Подчас правоведы в своих трактатах уделяли внимание крайне мелочным регламентациям, которые можно обнаружить, например, в сочинении по государственному праву «Правительственные статуты» ал-Маварди. Так, они рассматривают право, регулирующее использование проточной воды, которая должна была в любом месте равно распределяться между членами, если так можно выразиться, «гидравлических общин», доживших кое-где до наших дней на территории орошаемых оазисов. Налог на воду, определяемый обычно как доля от блага, зависящего от сезона и дебита поступления воды, в комбинации с другими ограничениями устанавливал фиксированные рамки, в которых развивалось исламское крестьянское общество. В сущности, в этом обществе необходимые для урегулирования групповых интересов предписания почти всегда вырабатывались с помощью простых и легкоконтролируемых организаций, выступающих при случае выразителями жалоб и прошений всей группы — о чем свидетельствуют многие анекдоты аббасидской эпохи, изображающие появление перед лицом центральной власти крестьянских делегатов той или иной деревни, того или иного дистрикта. Эти предписания, связанные чаще всего с потребностями ирригации, дополняли имущественные отношения оседлого населения, которые больше зависели от исторических обстоятельств.

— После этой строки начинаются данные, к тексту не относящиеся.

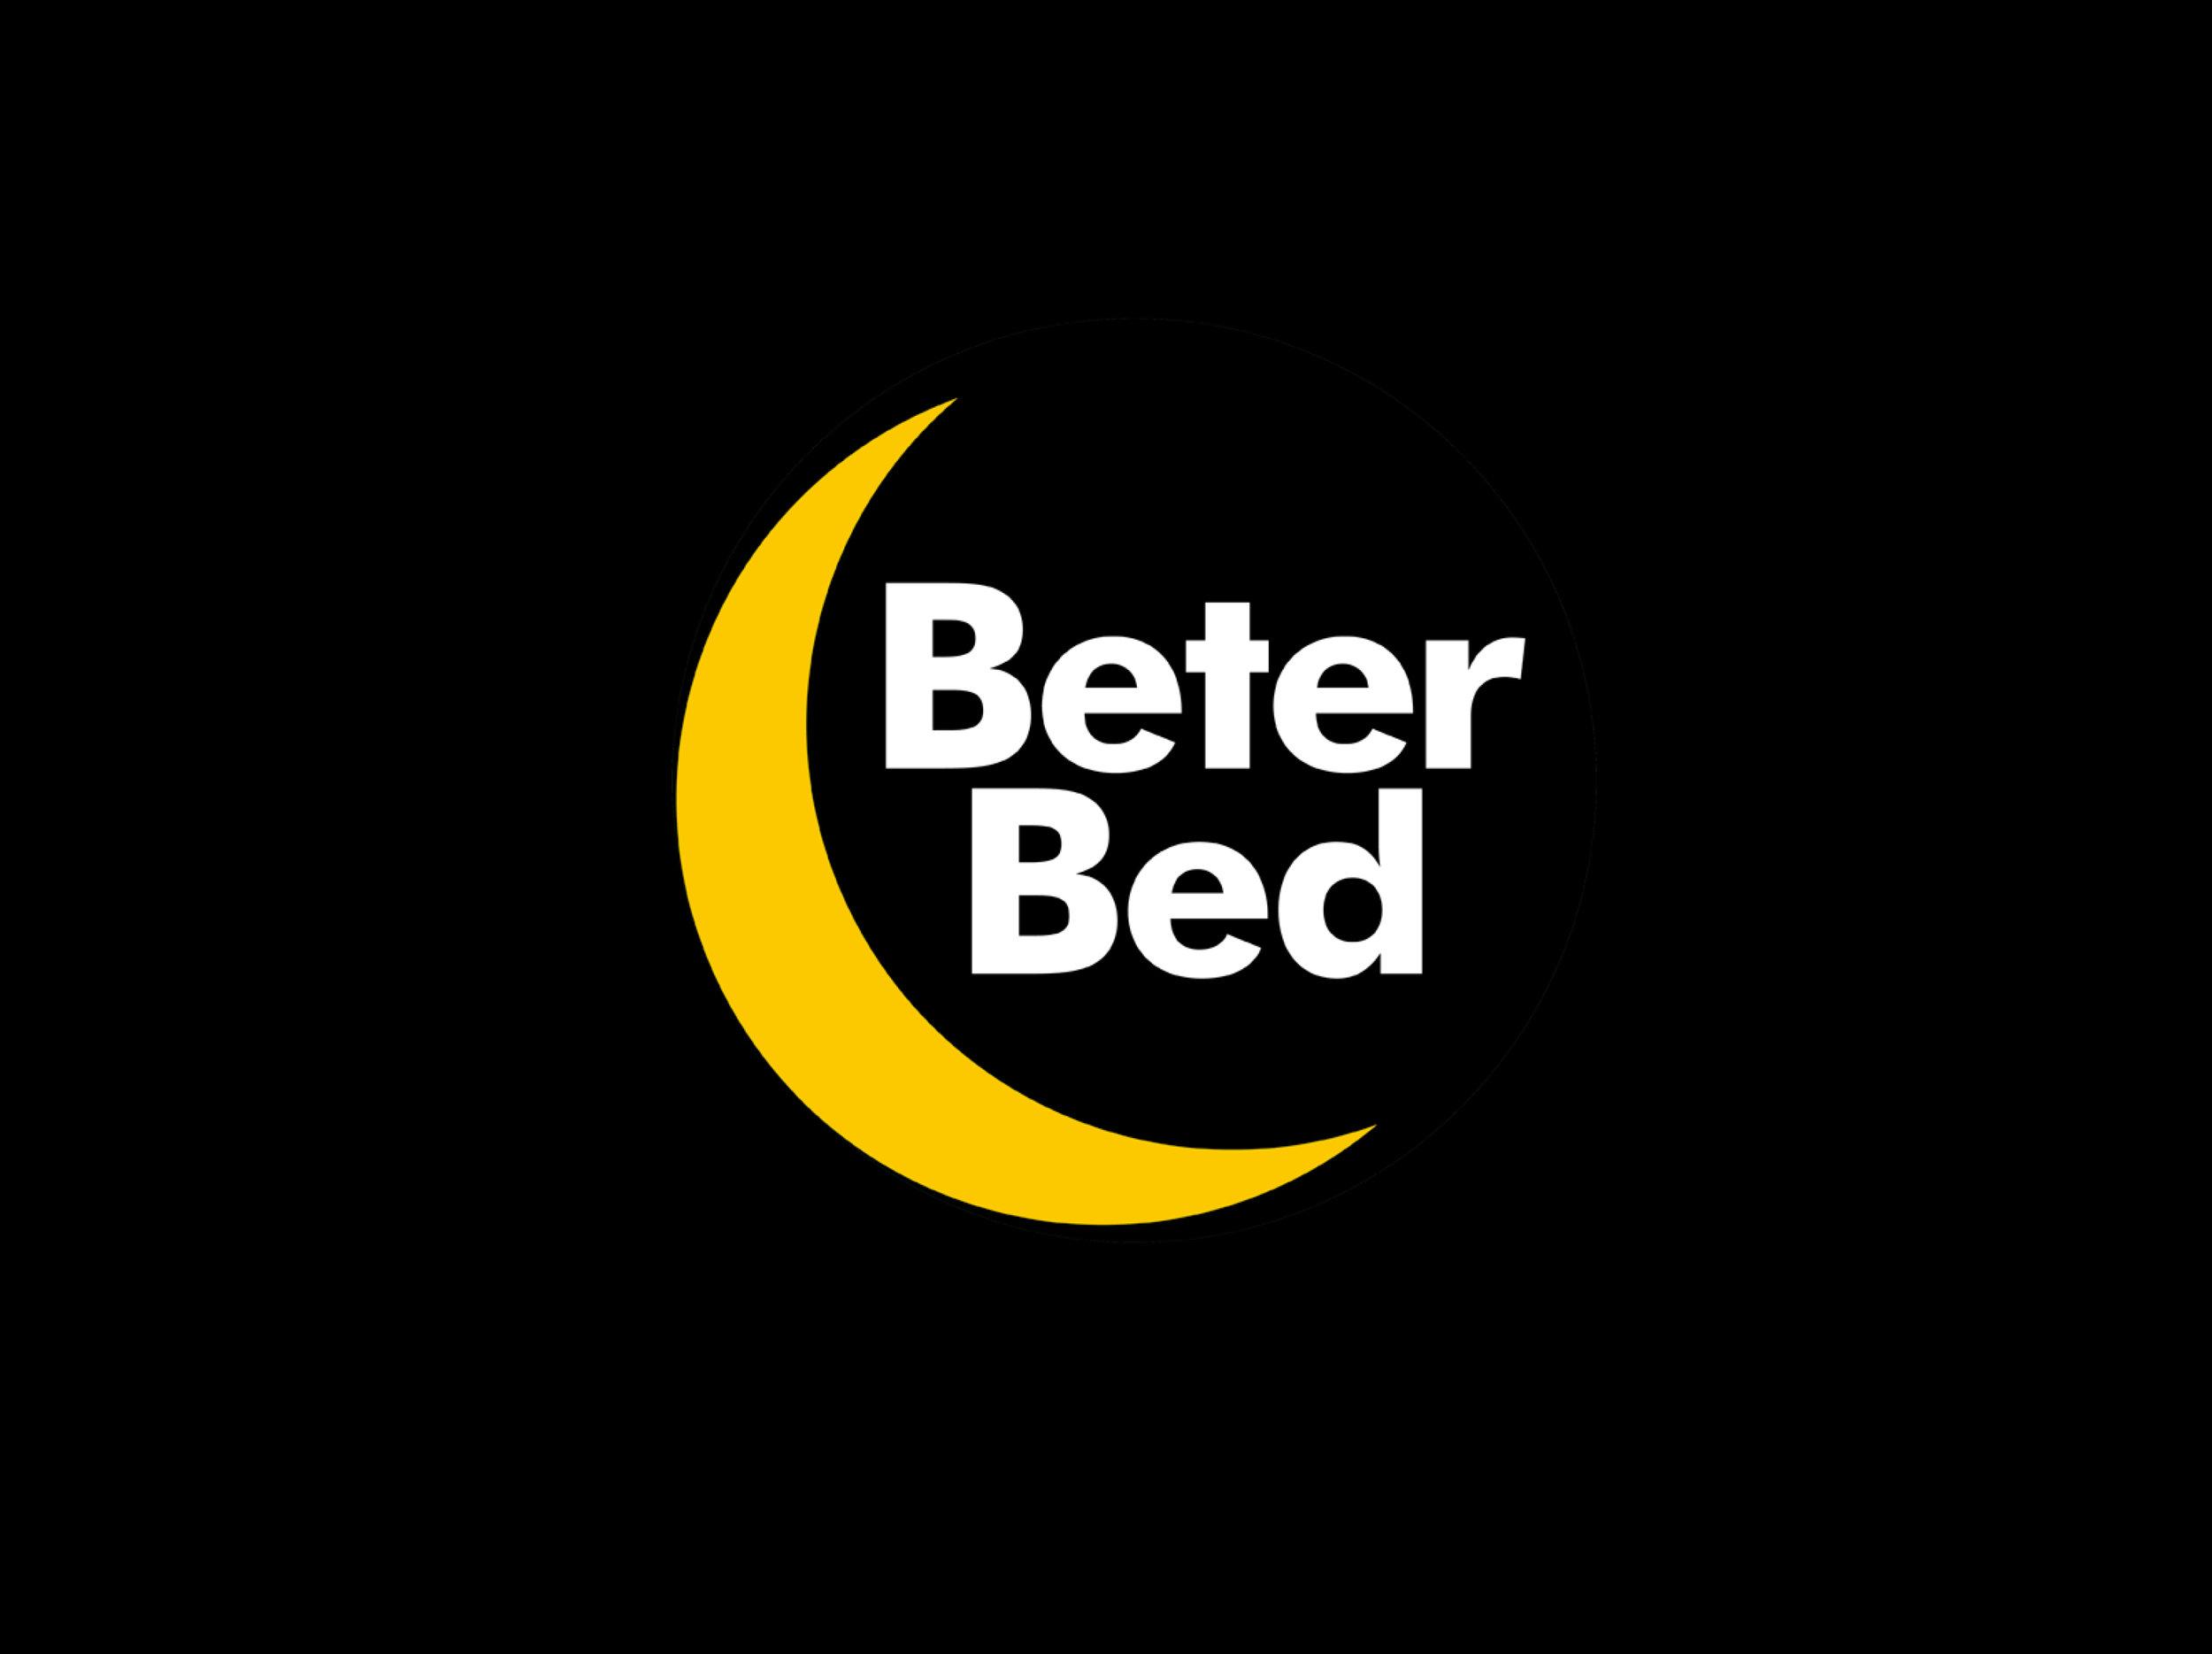 Beter Bed identity.jpg

В отличие от положения, существовавшего в мединском обществе при жизни Пророка, статус собственности, сложившийся во время исламских завоеваний, фактически передал большинство земель в безусловное владение новых хозяев, которые их не обрабатывали. При этом крестьянство стало на столетия рабочей массой, не имеющей иного вознаграждения за свой труд, кроме малой части урожая, уделяемой крестьянам по условиям разных форм испольщины или остающейся у них как у собственников после уплаты налогов, чаще всего непомерных. Что уж говорить про настоящих рабов на латифундиях, самый типичный пример которых — занджи Нижнего Ирака, знаменитые своим восстанием IX в. Порабощенные физически или находящиеся под тяжестью долгов и налогов в состоянии, близком к рабству, земледельцы, кроме того, в большинстве своем изначально принадлежали к классу не обращенных в ислам данников, которые рассматривались как низшие по отношению к мусульманам. Множество причин обусловили умаление реальной роли, которую играли в классическом исламском обществе эти бедные люди, обыкновенно чуждые религии и конфликтам сект или школ, ведущие жизнь особенно трудную и остающиеся объектом принуждения и презрения для горожан любого состояния, даже наименее зажиточных.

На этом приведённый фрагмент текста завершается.